Faux HDR images in OpenEXR 32-bit Linear Rec.2020

But, we are feeding the system a 14-bit RAW that has 14 bits of color in a typical Sony A7R Mark III so even though it is SDR, there are a lot of pixels. Internally, the representation is linear Rec.2020 which means that you can expand the image way beyond the initial environment and make it in effect an HDR image. It has 14EVs.

The big tricks are:

  1. The default working space is linear Rec.2020 so its no surprise this is the required export format. I thought incorrectly that it would convert to HLG or PQ as Final Cut Pro but this doesn’t seem to work.
  2. Disable any module that does dynamic range compression. If you are using scene-referred workflow, then you disable Filmic which basically pushes all the bright colors backward if you are doing Expose to the Right (EttR). The short answer is that ETTR overexposed the images so you don’t lose all the shadows
  3. Now you do the things that don’t affect color like lens correction, white balance, highlight reconstruction, denoising, etc.
  4. You can’t actually see any HDR from Darktable itself, it always projects in sRGB even on an HDR display like the Mac. So instead you have to have some enable the ISO 12646 color assessment which is the little lightbulb at the bottom right of the image or do a CMD-B.
  5. Now you have to over-expose the system, so turn on the gamut clipping which is CMD-G and is the triangle with the i in it.

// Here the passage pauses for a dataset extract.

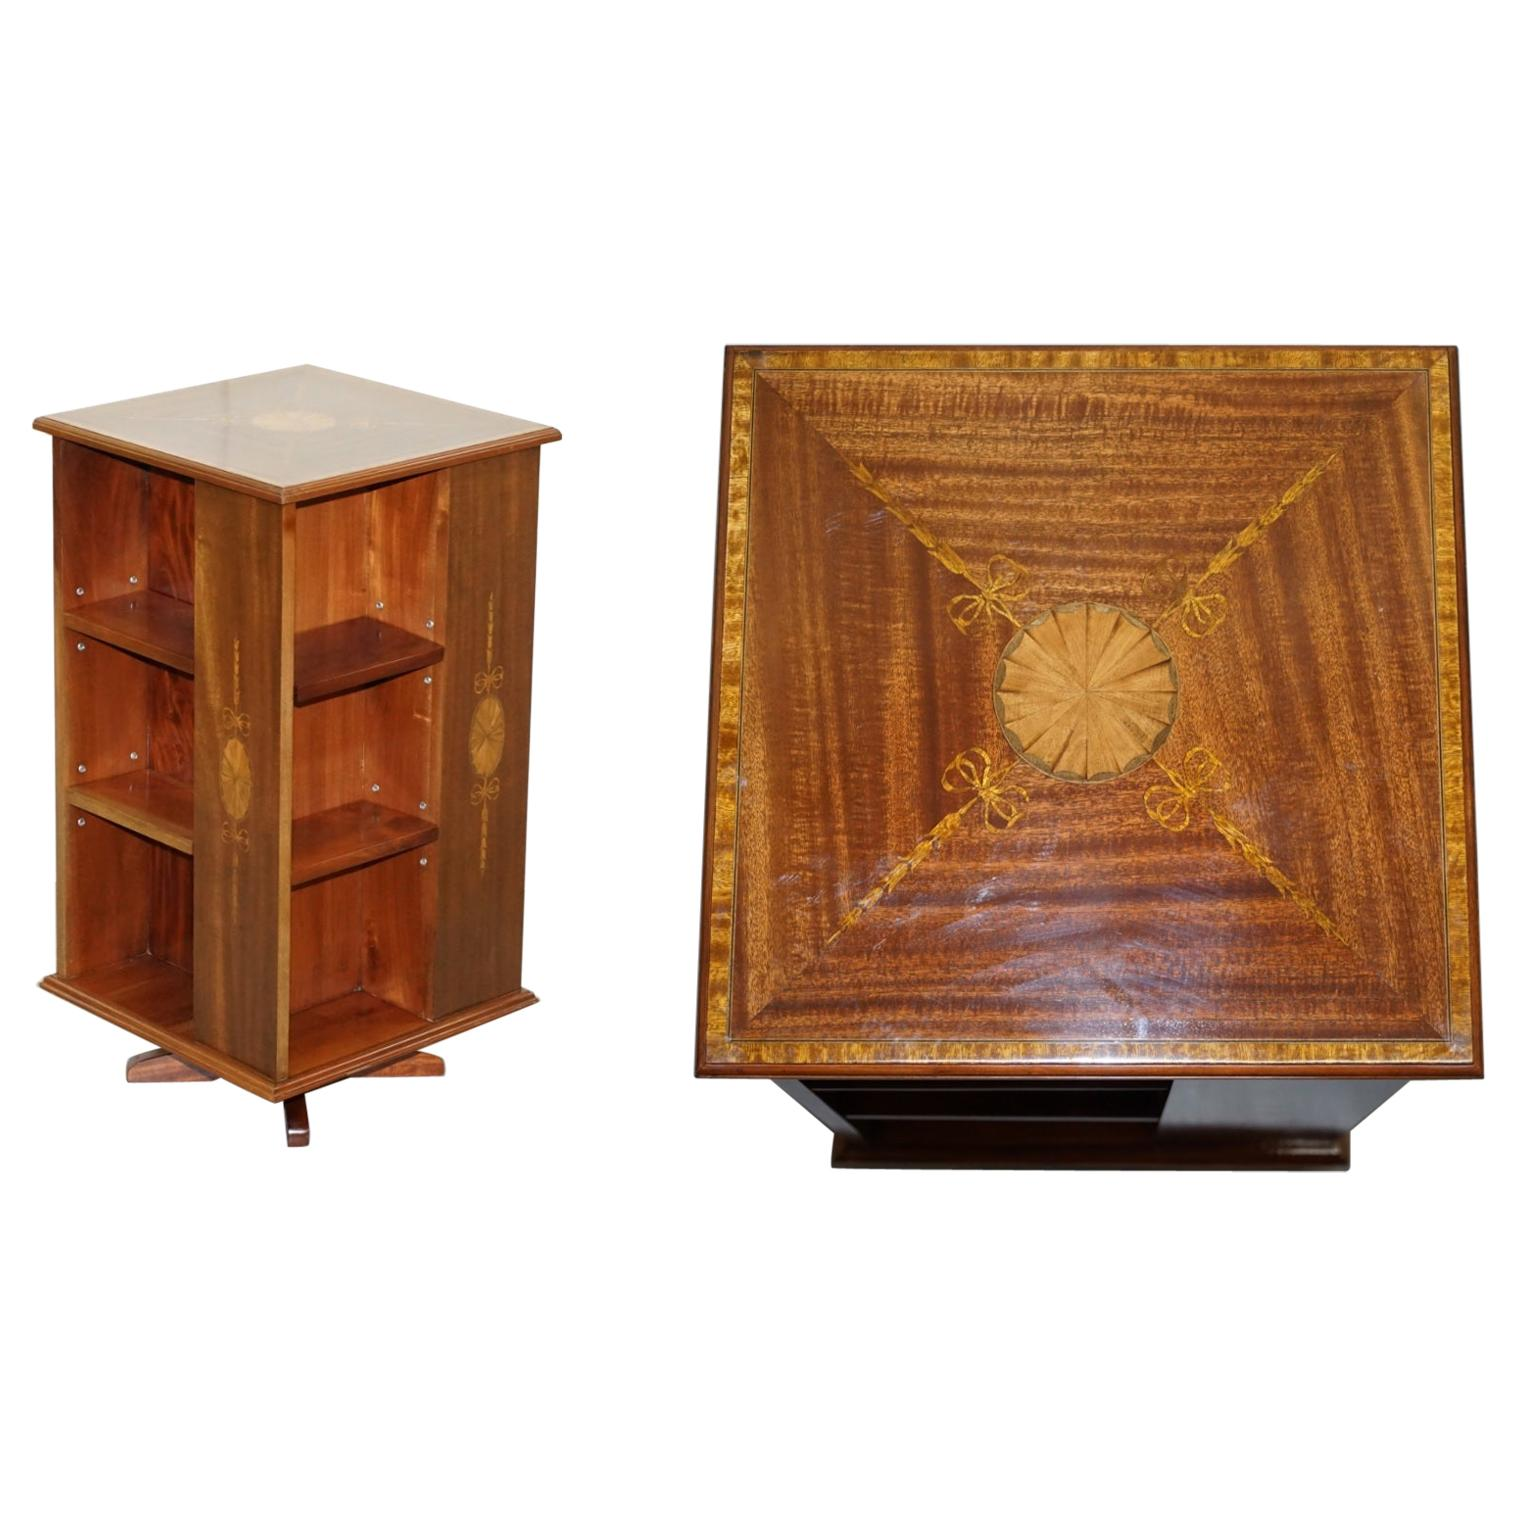 Edwardian Burr Walnut & Mahogany Revolving Bookcases Sheraton Inlaid, circa 1900
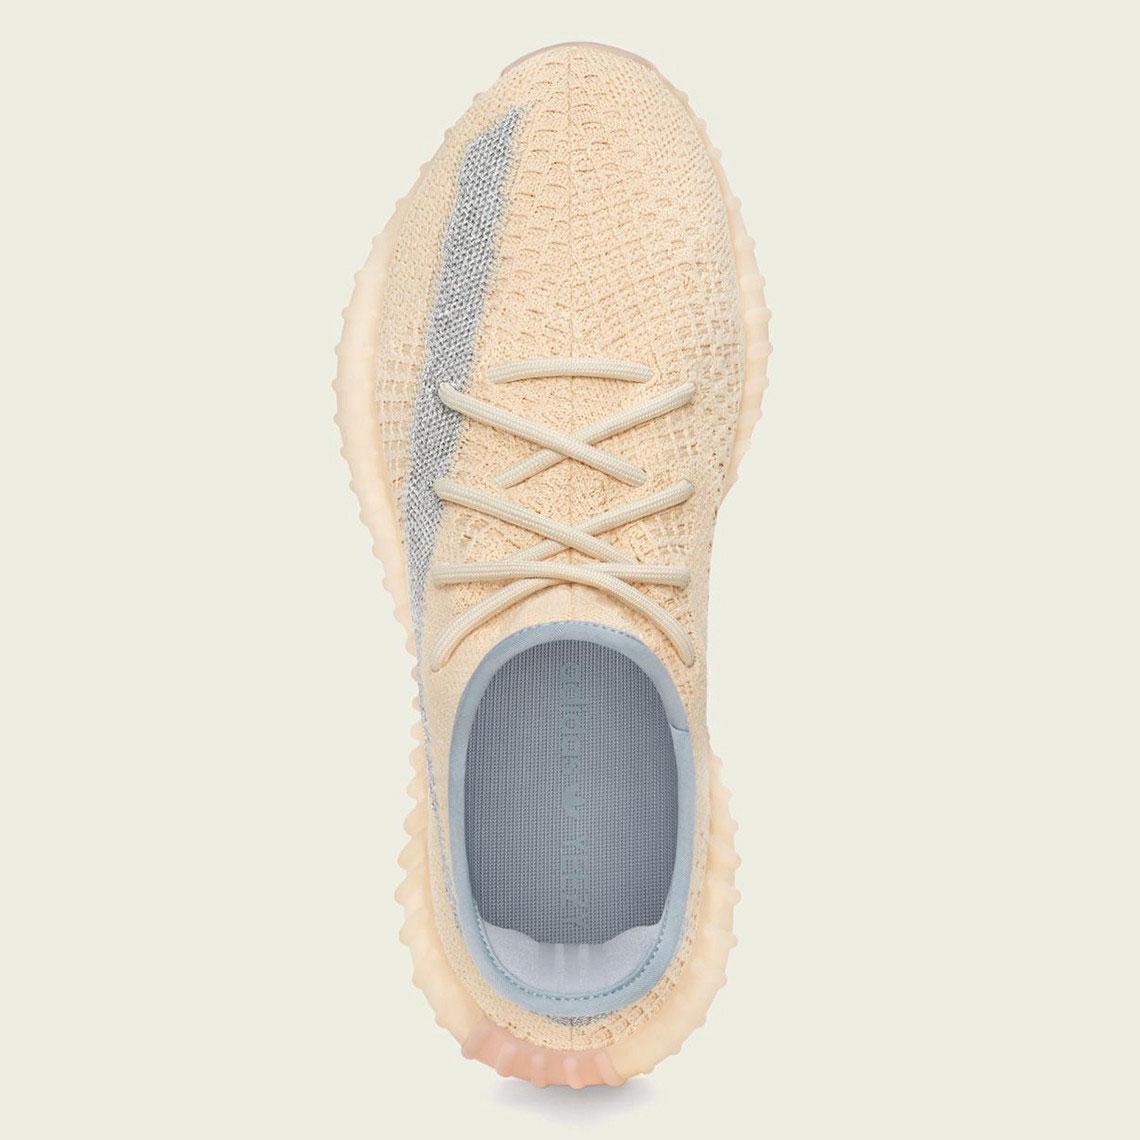 adidas-Yeezy-Boost-350-v2-Linen-4

And going to +5EV is not unusual which makes sense, although I find +2.5EV what I normally use for 16-bit EXR (see below), so you might want a special style for that. But I found that for my exposed it’s better to use the O so you can underexposed and right-click and set the soft profile and histogram to linear Rec.2020 and then turquoise means under-exposed by more than -12EV (the default) and overexposed is still wrong since you can go over 100%
  6. Then export it using the OpenEXR format in 32-bit format with linear. I found that the 16-bit has less dynamic range but is much smaller of course, but the whole point is lots of dynamic range. Also, there are a host of different compression formats with PIX being the default which is faster to write but slower to read than PIZ and both are about 2.4x compression, so if you mainly read files, then Zip is the answer. But you are talking about 300MB per image in HDR so there’s quite a penalty at 32-bit float remember there are only 14 bits or so of real image data here, so i think 16-bit float is probably fine and is about 120MB per image compared with the RAW files which are also in the 80MB range.
  7. You try to use a command line utility with a brew install openexr and you should have a nice image but this seems like it is just the command line and you need an application for it. Other folks say that the latest Ventura versions of Apple Photos and Preview handle HDR with EXR format and this does seem to work if you set it to linear Rec.2020 but is completely wrong with the PQ (picture quality Rec.2020). So the magic is OpenEXR in Linear Rec.2020 format. As far as display quality goes, while we have an LG B9 display that goes to 400 nits, the best way to view this is on the MacBook Pro display itself or an Apple iPhone with the OLED panel.
  8. If you are doing this you probably want to “duplicate” an image in the lighttable to get both SDR and HDR images as HDR images look pretty bad. So I normally output a conventional crappy 8-bit JPEG, a 12-bit AVIF, and a 32-bit EXR with 32-bit floating point. Note that the HEIC format is only 8-bits at least on a Preview export, the only format that seems to support 16-bits is OpenEXR. I’m not sure why the 16-bit HEIF is greyed out as the iPhone camera can record 10-bit color and of course, the Sony has 14-bits worth.

Net, net operate in Linear Rec.2020 space and then export as openEXR 32-bit format in Linear Rec.2020 and you should be able to view these properly in Apple Photos. The only issue is the lack of any meta-tags, but in reality you can add the location information manual in Apple Photos or Geotag.